On Sat, May 04, 2024 at 08:53:47AM -0700, Linus Torvalds wrote:

>   poll_wait
>     -> __pollwait
>      -> get_file (*boom*)
> 
> but the boom is very small because the poll_wait() will be undone by
> poll_freewait(), and normally poll/select has held the file count
> elevated.

Not quite.  It's not that poll_wait() calls __pollwait(); it calls
whatever callback that caller of ->poll() has set for it.

__pollwait users (select(2) and poll(2), currently) must (and do) make
sure that refcount is elevated; others (and epoll is not the only one)
need to do whatever's right for their callbacks.

I've no problem with having epoll grab a reference, but if we make that
a universal requirement ->poll() instances can rely upon, we'd better
verify that *all* vfs_poll() are OK.  And that ought to go into
Documentation/filesystems/porting.rst ("callers of vfs_poll() must
make sure that file is pinned; ->poll() instances may rely upon that,
but they'd better be very careful about grabbing extra references themselves -
it's acceptable for files on internal mounts, but *NOT* for anything on
mountable filesystems.  Any instance that does it needs an explicit
comment telling not to reuse that blindly." or something along those
lines).

Excluding epoll, select/poll and callers that have just done fdget() and will
do fdput() after vfs_poll(), we have this:

drivers/vhost/vhost.c:213:      mask = vfs_poll(file, &poll->table);
	vhost_poll_start().  Might get interesting...  Calls working
with vq->kick as file seem to rely upon vq->mutex, but I'll need to
refresh my memories of that code to check if that's all we need - and
then there's vhost_net_enable_vq(), which also needs an audit.

fs/aio.c:1738:          mask = vfs_poll(req->file, &pt) & req->events;
fs/aio.c:1932:  mask = vfs_poll(req->file, &apt.pt) & req->events;
	aio_poll() and aio_poll_wake() resp.  req->file here is actually ->ki_filp
	of iocb that contains work as iocb->req.work; it get dropped only in
	iocb_destroy(), which also frees iocb.  Any call that might've run into
	req->file not pinned is already in UAF land.

io_uring/poll.c:303:                    req->cqe.res = vfs_poll(req->file, &pt) & req->apoll_events;
io_uring/poll.c:622:    mask = vfs_poll(req->file, &ipt->pt) & poll->events;
	Should have req->file pinned, but I'll need to RTFS a bit for
details.  That, or ask Jens to confirm...

net/9p/trans_fd.c:236:  ret = vfs_poll(ts->rd, pt);
net/9p/trans_fd.c:238:          ret = (ret & ~EPOLLOUT) | (vfs_poll(ts->wr, pt) & ~EPOLLIN);
	p9_fd_poll(); ->rd and ->wr are pinned and won't get dropped until
p9_fd_close(), which frees ts immediately afterwards.  IOW, if we risk
being called with ->rd or ->wr not pinned, we are in UAF land already.
Incidentally, what the hell is this in p9_fd_open()?
         * It's technically possible for userspace or concurrent mounts to
         * modify this flag concurrently, which will likely result in a
         * broken filesystem.
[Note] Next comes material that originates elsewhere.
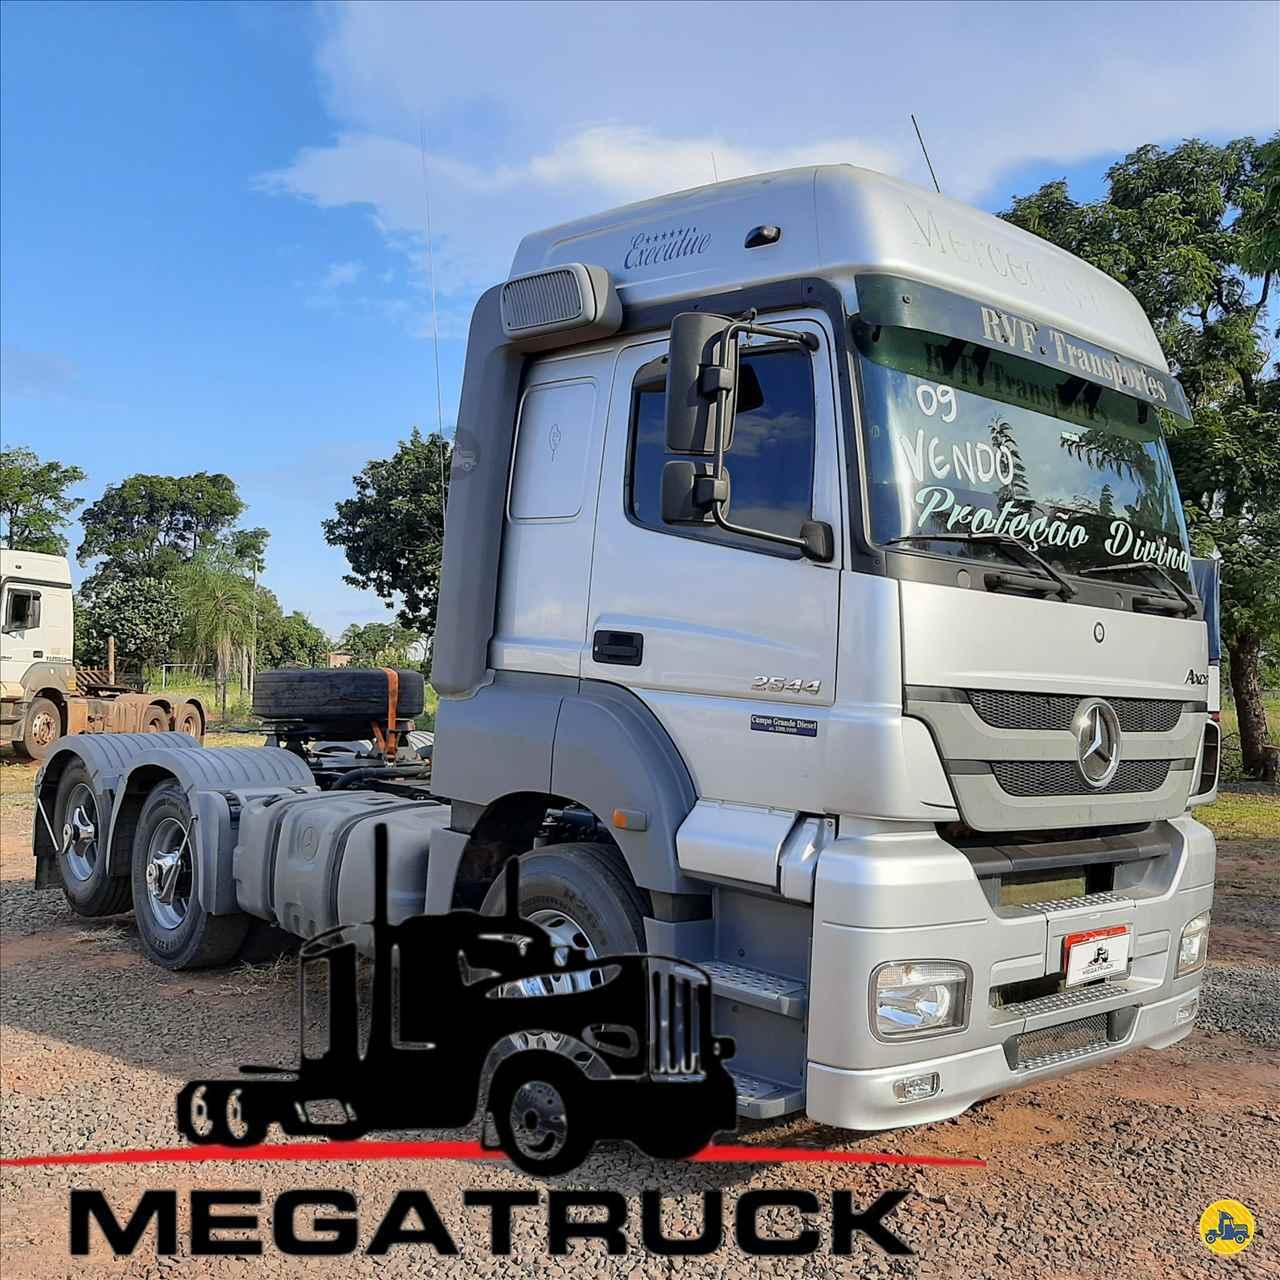 CAMINHAO MERCEDES-BENZ MB 2544 Cavalo Mecânico Truck 6x2 Megatruck Caminhões e Máquinas CAMPO GRANDE MATO GROSSO DO SUL MS
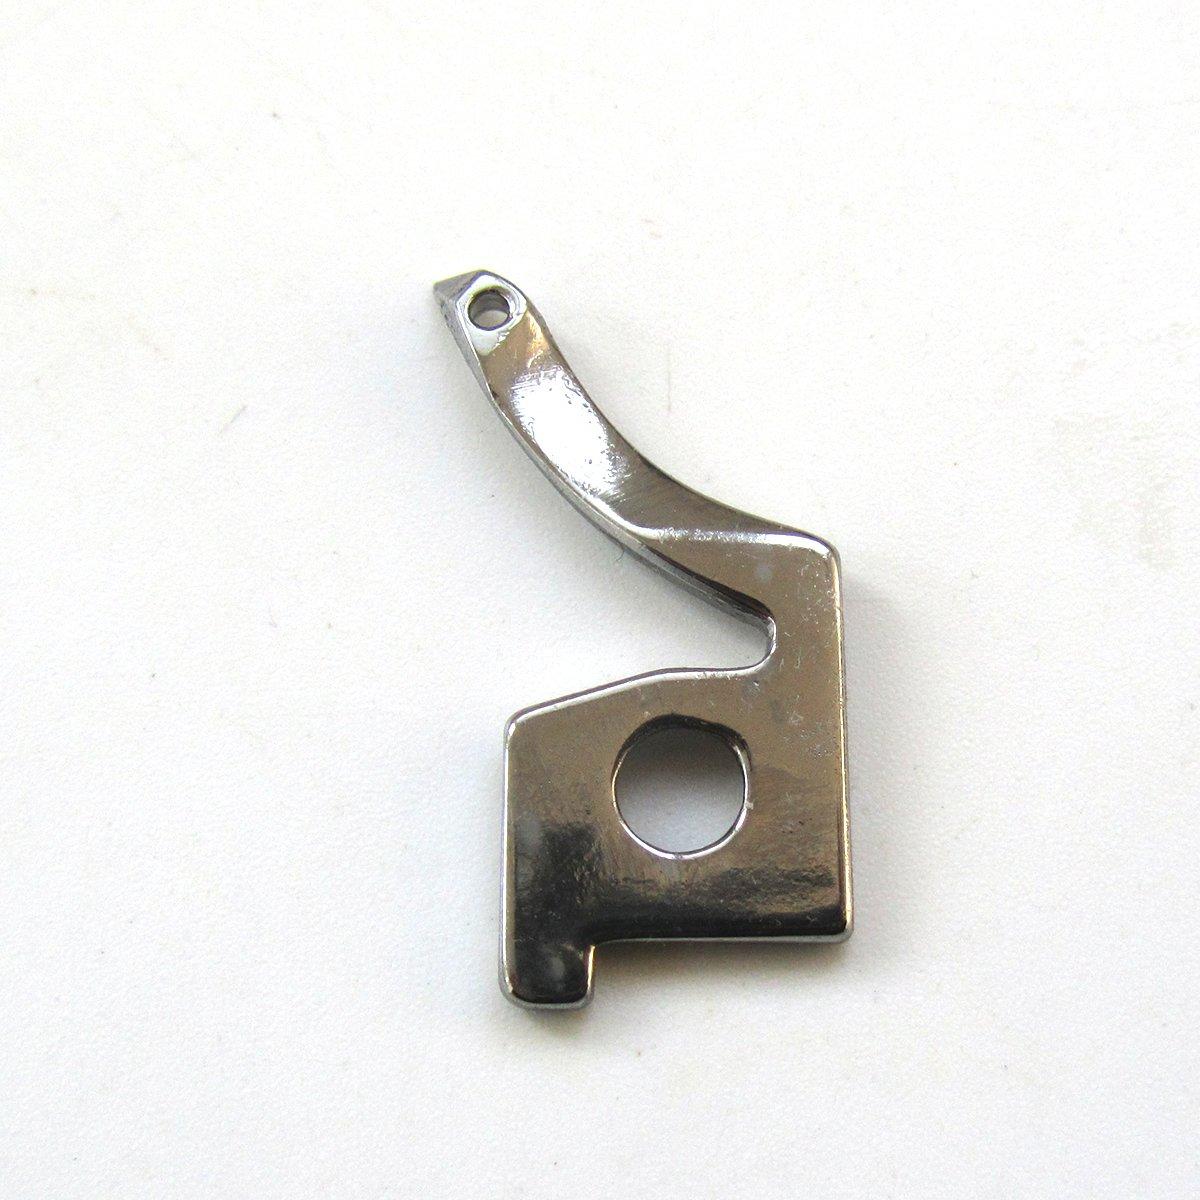 KUNPENG - Looper superior PARA BROTHER Serger Máquina de coser 1034D, 3034D, 925D, 929D, 935D # X77781-001 1 piezas: Amazon.es: Hogar

However, just having bad flags here should
         * not crash the kernel or cause any other sort of bug, so mark this
         * particular data race as intentional so that tooling (like KCSAN)
         * can allow it and detect further problems.
         */
Why not simply fix the race instead?  As in
	spin_lock(&ts->rd->f_lock);
        ts->rd->f_flags |= O_NONBLOCK;
	spin_unlock(&ts->rd->f_lock);
and similar for ts->wr?  Sigh...